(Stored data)
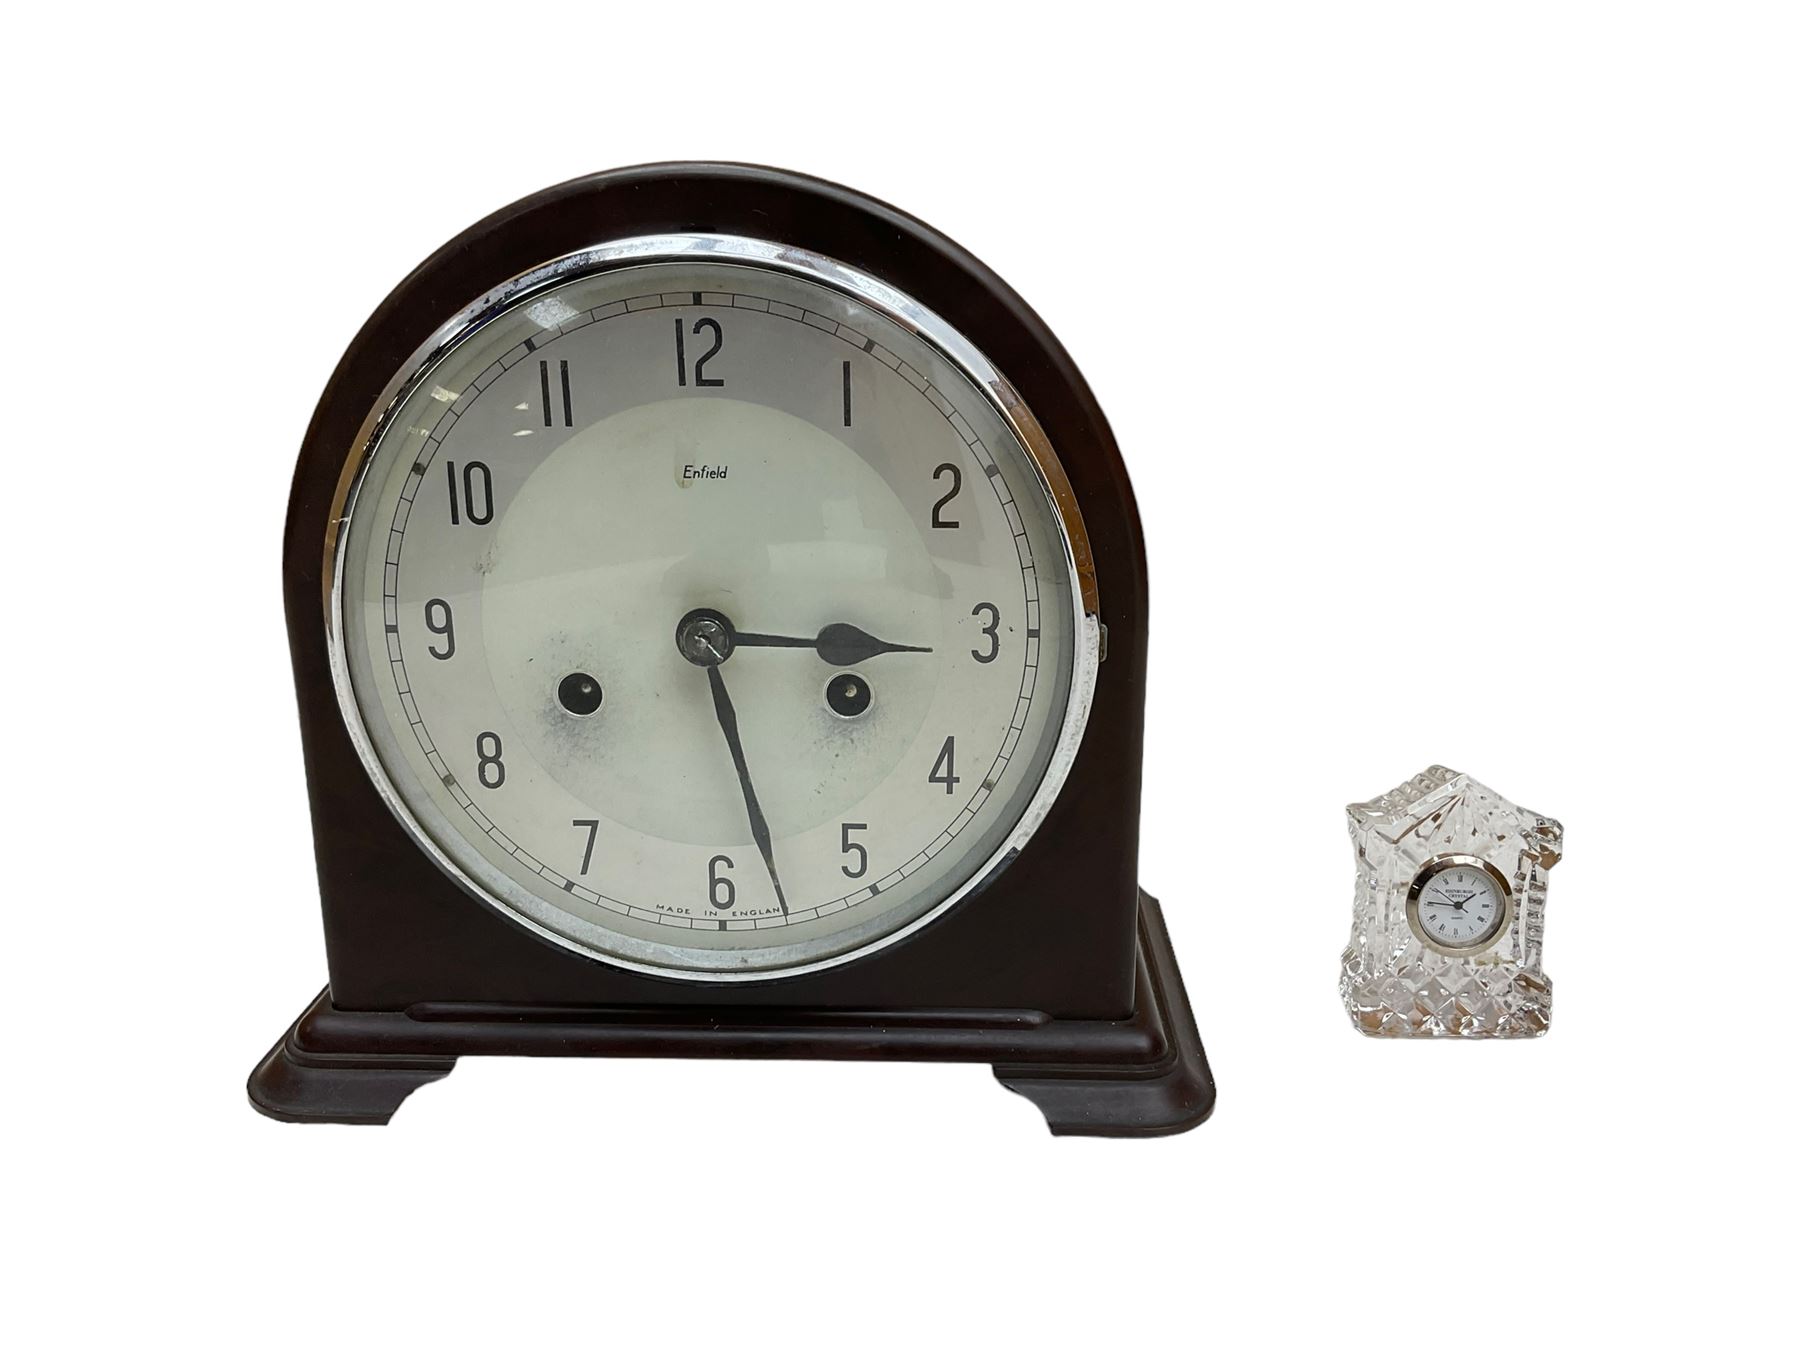 Enfield - 1930’s striking mantle clock in a Bakelite case
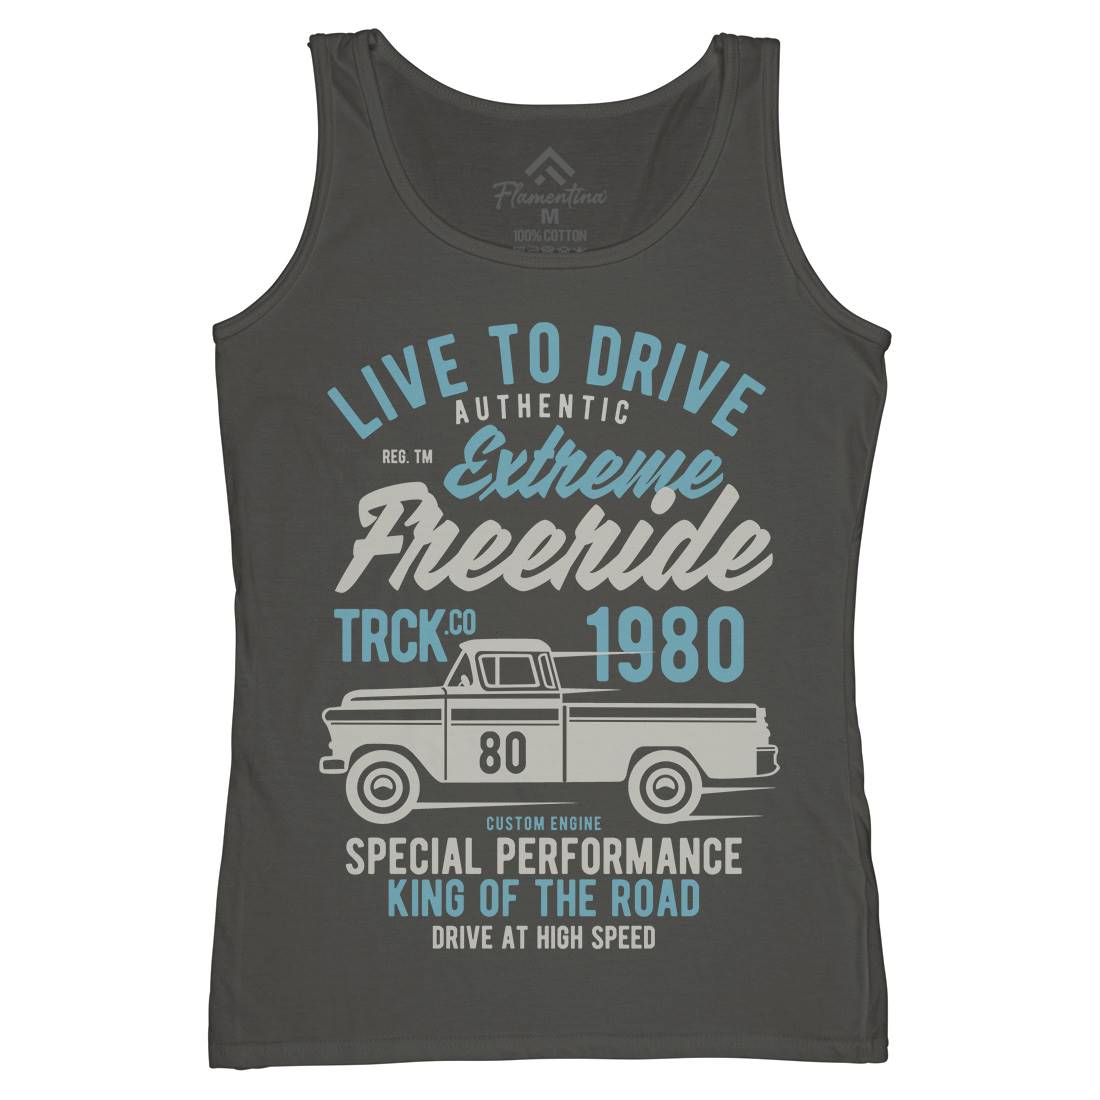 Extreme Freeride Truck Womens Organic Tank Top Vest Cars B401
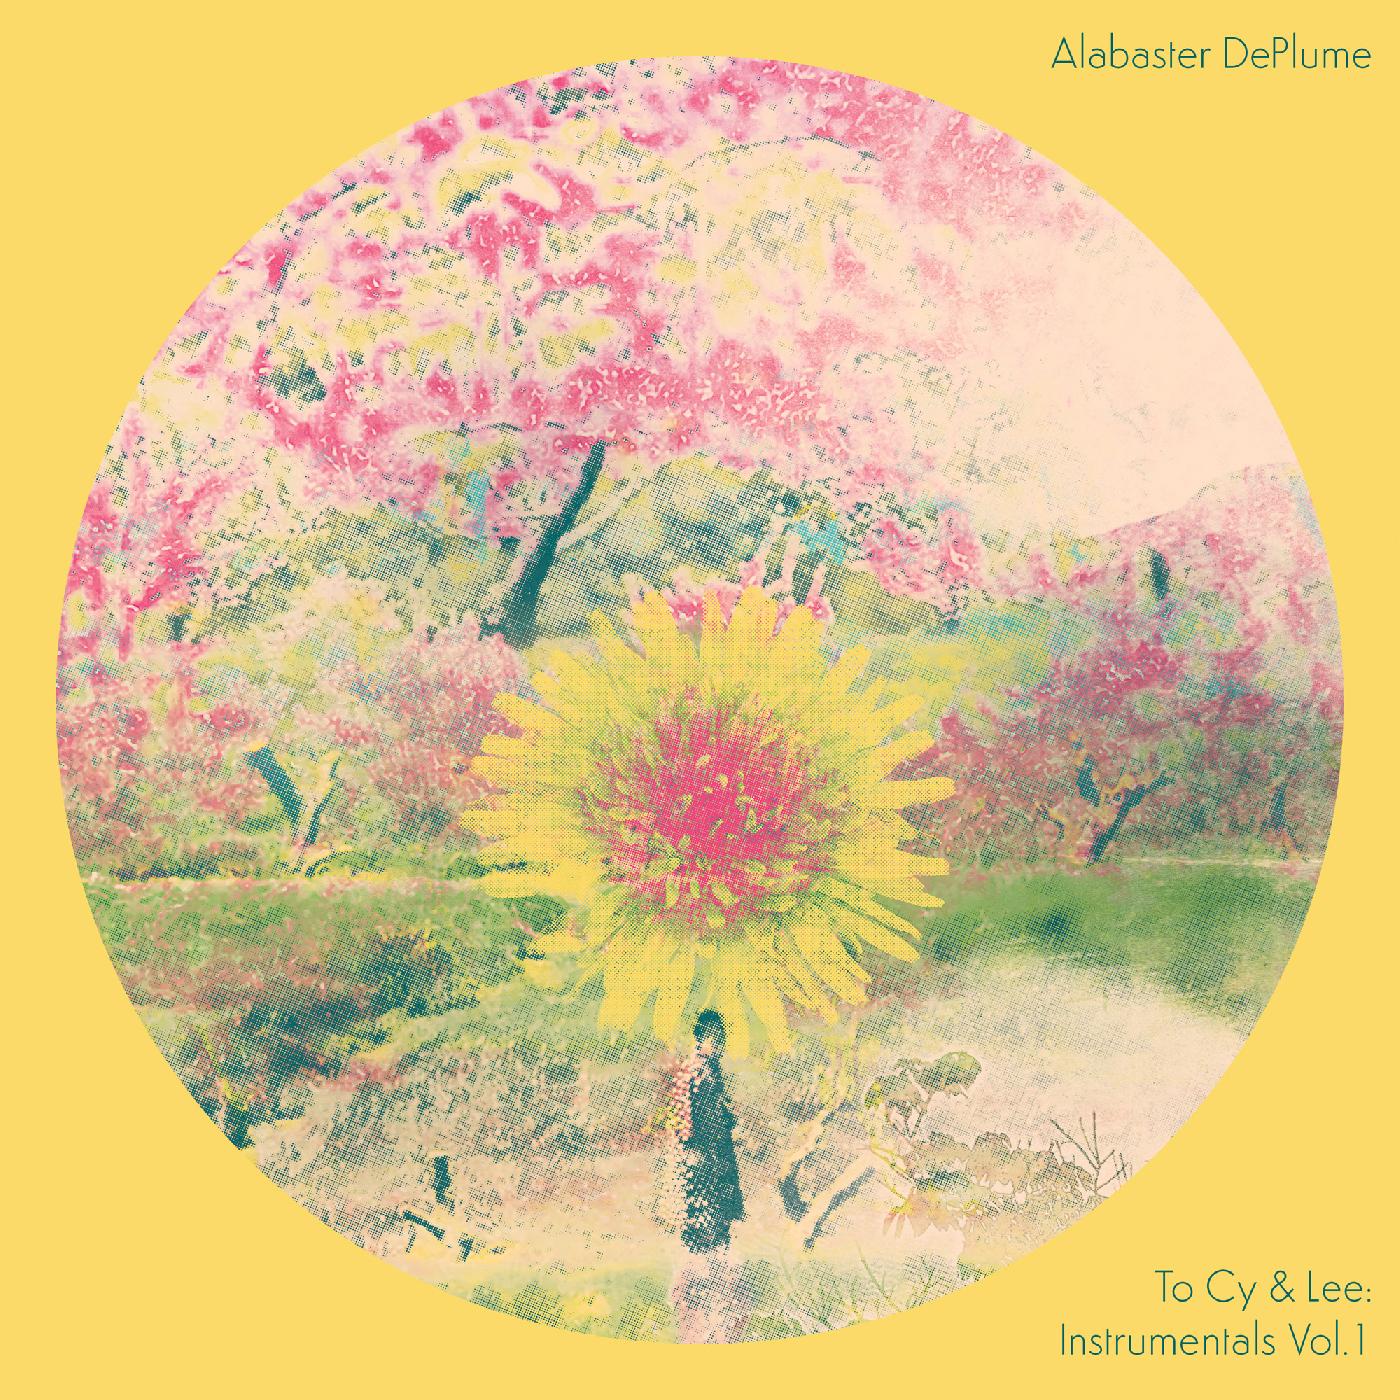 Alabaster Deplume - To Cy & Lee: Instrumentals Vol. 1 (Vinyl)
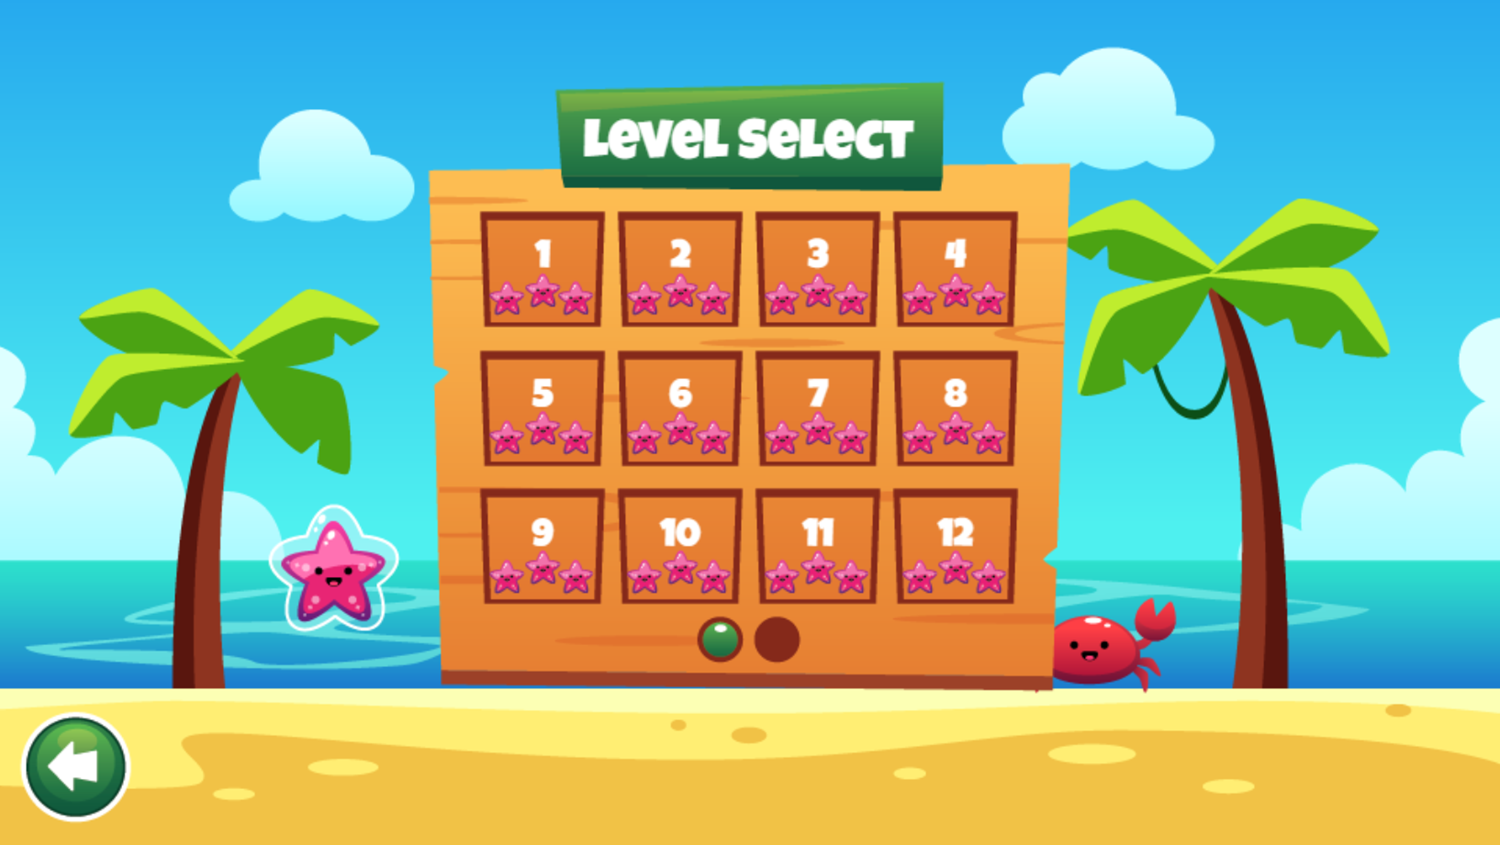 Beach Soccer Game Level Select Screen Screenshot.
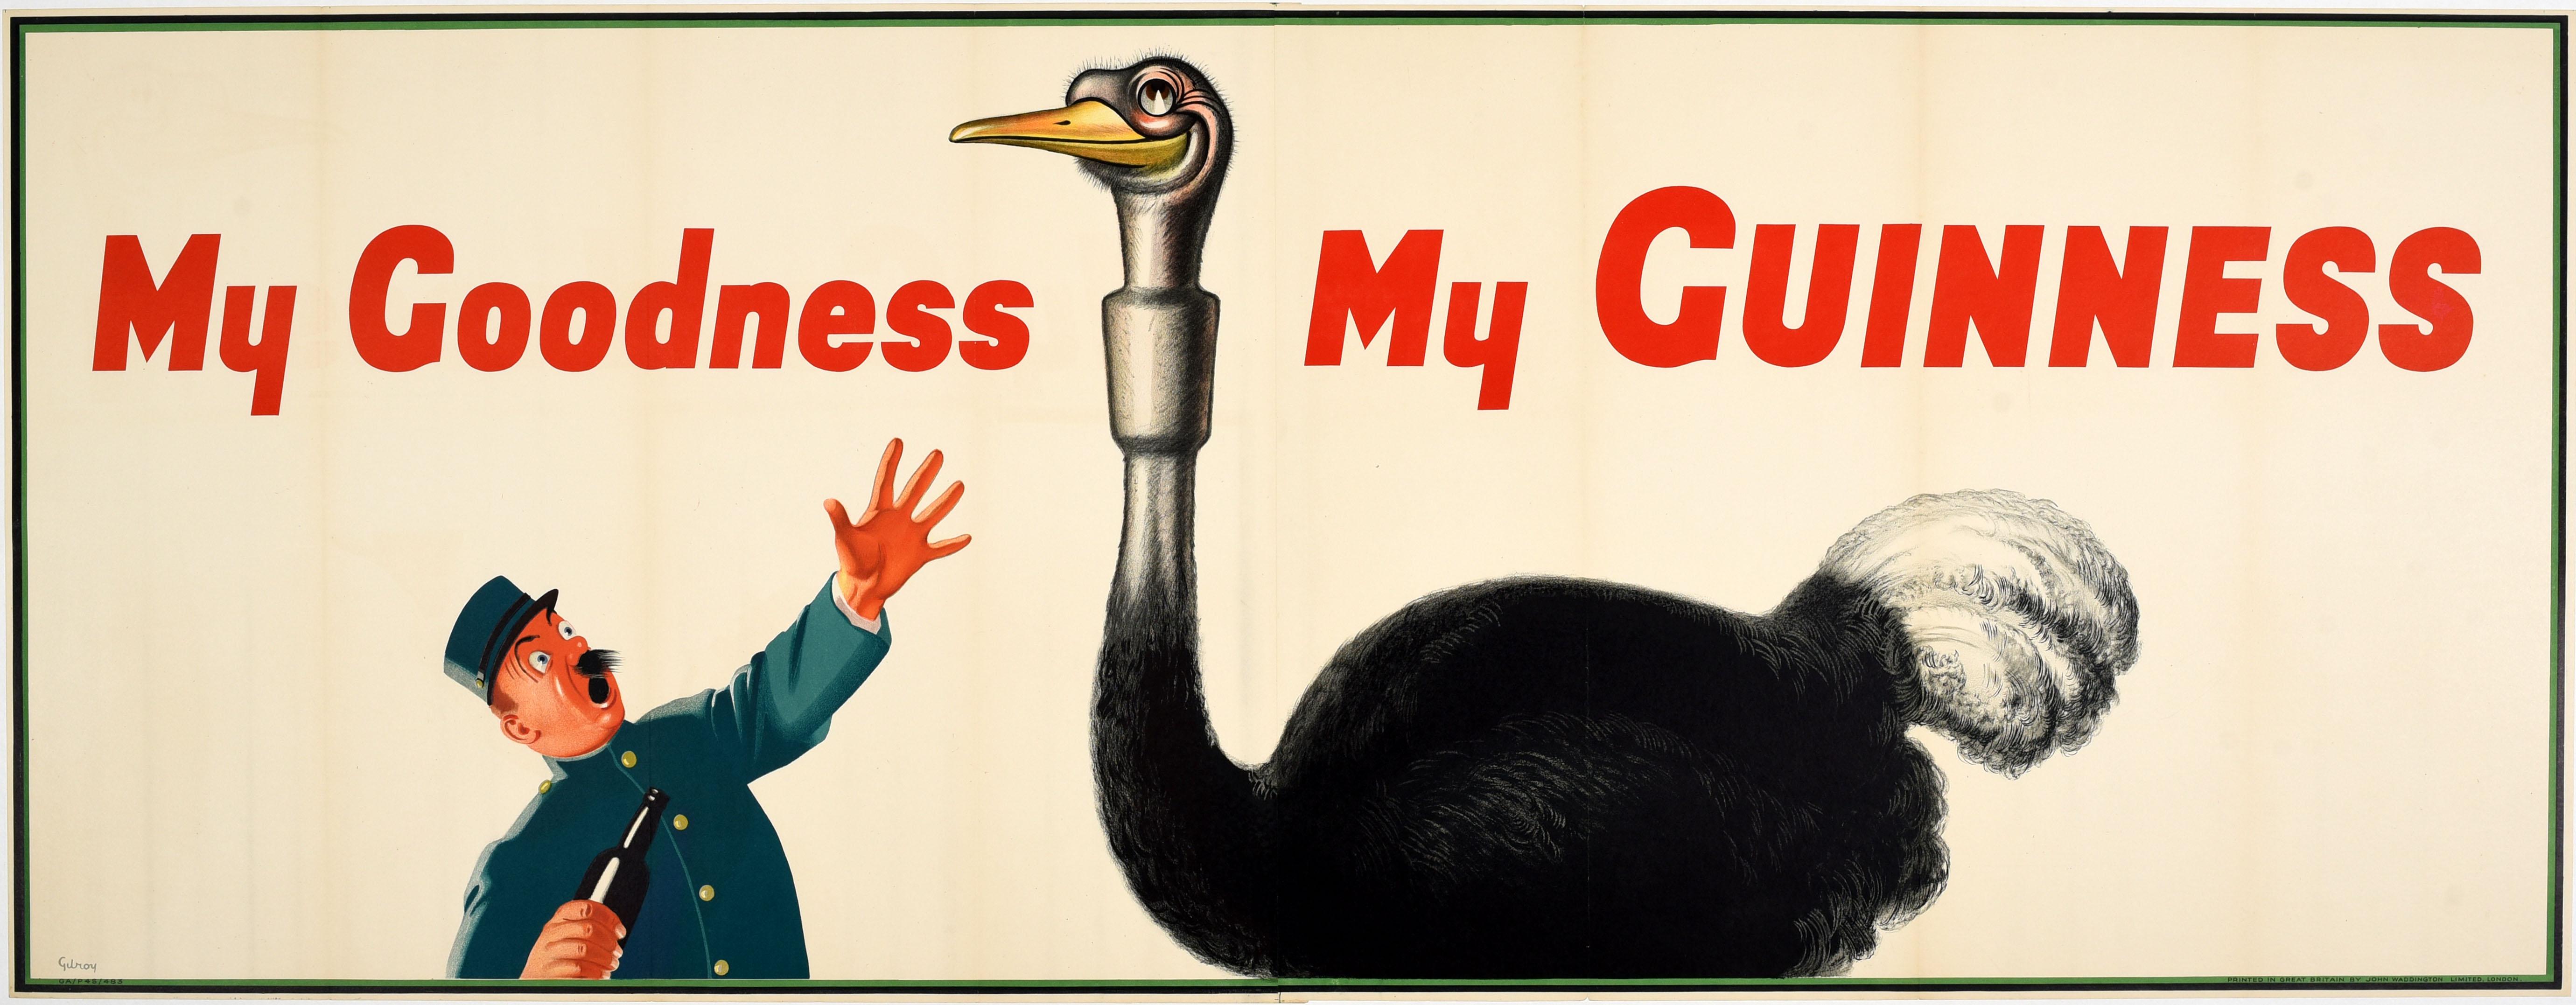 John Gilroy Print - Original Vintage Drink Advertising Poster My Goodness My Guinness Ostrich Design

**EXERCISE INSTRUCTIONS**
Word for word, copy every line of the data, excluding any pictures.

**REPLY TO THE EXERCISE**
 Enfield - 1930’s striking mantle clock in a Bakelite case
 Extreme Freeride Truck Womens Organic Tank Top Vest Cars B401
 Alabaster Deplume - To Cy & Lee: Instrumentals Vol. 1 (Vinyl)
 Beach Soccer Game Level Select Screen Screenshot.
 John Gilroy Print - Original Vintage Drink Advertising Poster My Goodness My Guinness Ostrich Design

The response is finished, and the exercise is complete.